A super-bloated B-movie with little golden illusions of grandeur, Antoine Fuqua's utterly Oscar-looted "Emancipation" is the kind of immaculate dud that can only happen because Hollywood is spinning off-axis. Because the American film industry has sacrificed mid-budget programmers on the altar of monolithic franchise blockbusters, original stories can only be expected to be told if they fuel the awards machine and/or create a sense of cultural importance. So you end up with the director of "Olympus Has Fallen" making a stiff-jawed slavery epic that desperately wants to be something much smaller - and a little less important.

>

It was never an option.

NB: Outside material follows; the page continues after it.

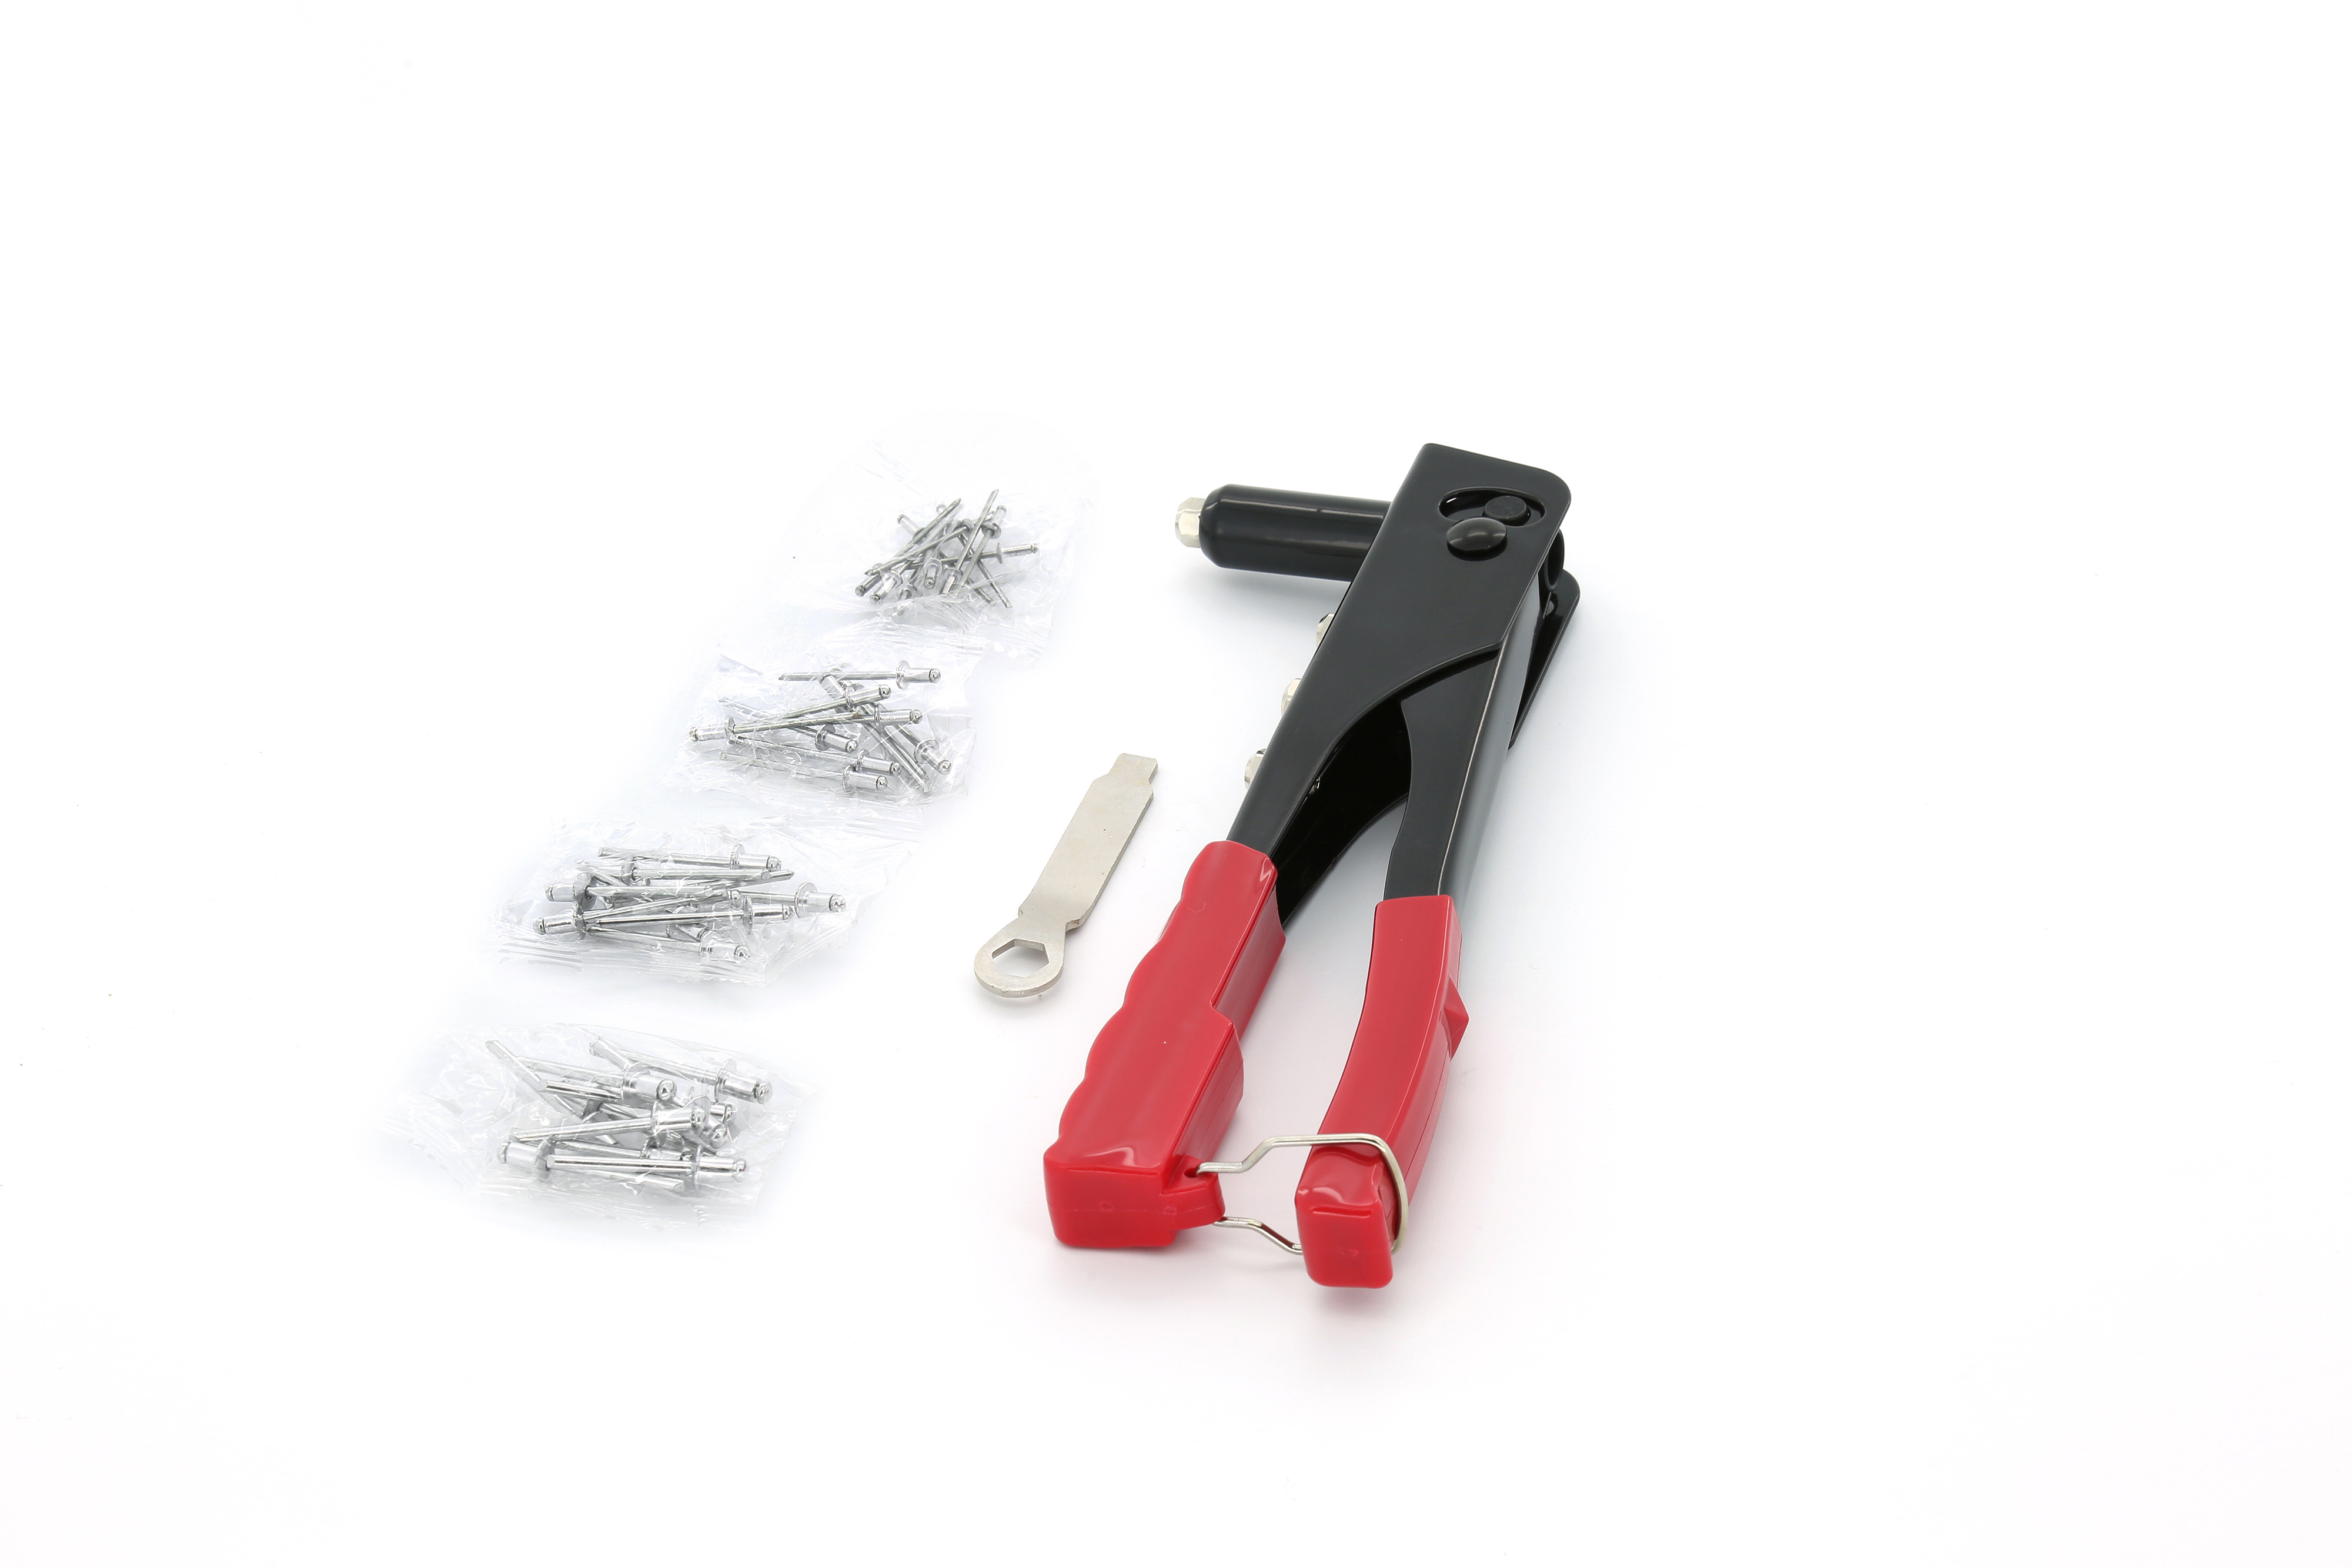 Hyper Tough 9.5 inch Rivet Tool with 40 Assorted Rivets TN12556J, Black and  Red

Due to its release date, subject matter and star power, 'Emancipation' was created to be viewed through the same narrow lens of the system that produced it, and 'The Slap' - an existential threat. for any feature so dependent on the Oscars for market enthusiasm - ironically did even more to fit the film into Hollywood's annual horse race at its own expense.

Related Related

"Emancipation" is based on the true story of Gordon (referred to here as Peter), a man whose keloid image was captured in a series of calling card photographs that were taken to a Union camp in Baton Rouge after escaping from a plantation about 40 miles away and surviving a 10-day trek through murderous swamps; the sight of his mutilated back was later used to help the abolitionist movement convey the atrocities of slavery to a disbelieving world.

The relentlessly brutal film Fuqua made about him aspires to have the same effect on modern audiences, whose imaginations might struggle to comprehend the most visceral sins of the 19th century and/or recognize the very that America's unresolved biases continue to pose as we move deeper into the 21. It's a noble ambition for a movie, but it's not an ambition for which > film was conceived.



Here's a $130 million prestige image that better captures the aftermath of 'The Revenant' than Reconstruction (Fuqua's epic looks just as silly and sadistic as Alejandro González's Best Picture nominee Iñárritu, so fortunately never so pretentious). “Emancipation” takes on the task of depicting the true horrors of human servitude as it basks in fast-paced action scenes, leaves Ben Foster off leash as the fried Southern Amon Göth who is obsessed with putting at the pace of the story's hero, and - best of all - forces Will Smith into a knife fight with an alligator in a scene that seems all the more ridiculous for being rendered in some of the finest cinematography under- monochrome seascapes from "The Night of the Hunter".

(At one point in this supposedly serious movie on the most serious subjects, this same alligator leaps out of nowhere and gnaws at an enslaved fugitive, causing the kind of popcorn jerk that would feel more at home in a summer blockbuster than here.)

American moviegoers are used to consuming their history lessons with a thick layer of artificial butter on top, but William N. Collage's screenplay filters Gordon's saga through so many gritty Hollywood tropes that the over-the-top genre starts to feel more honest by comparison. At least the opening scene where Peter tears off the door frame of the plantation's slave quarters as he is dragged away from his family records with raw emotional truth.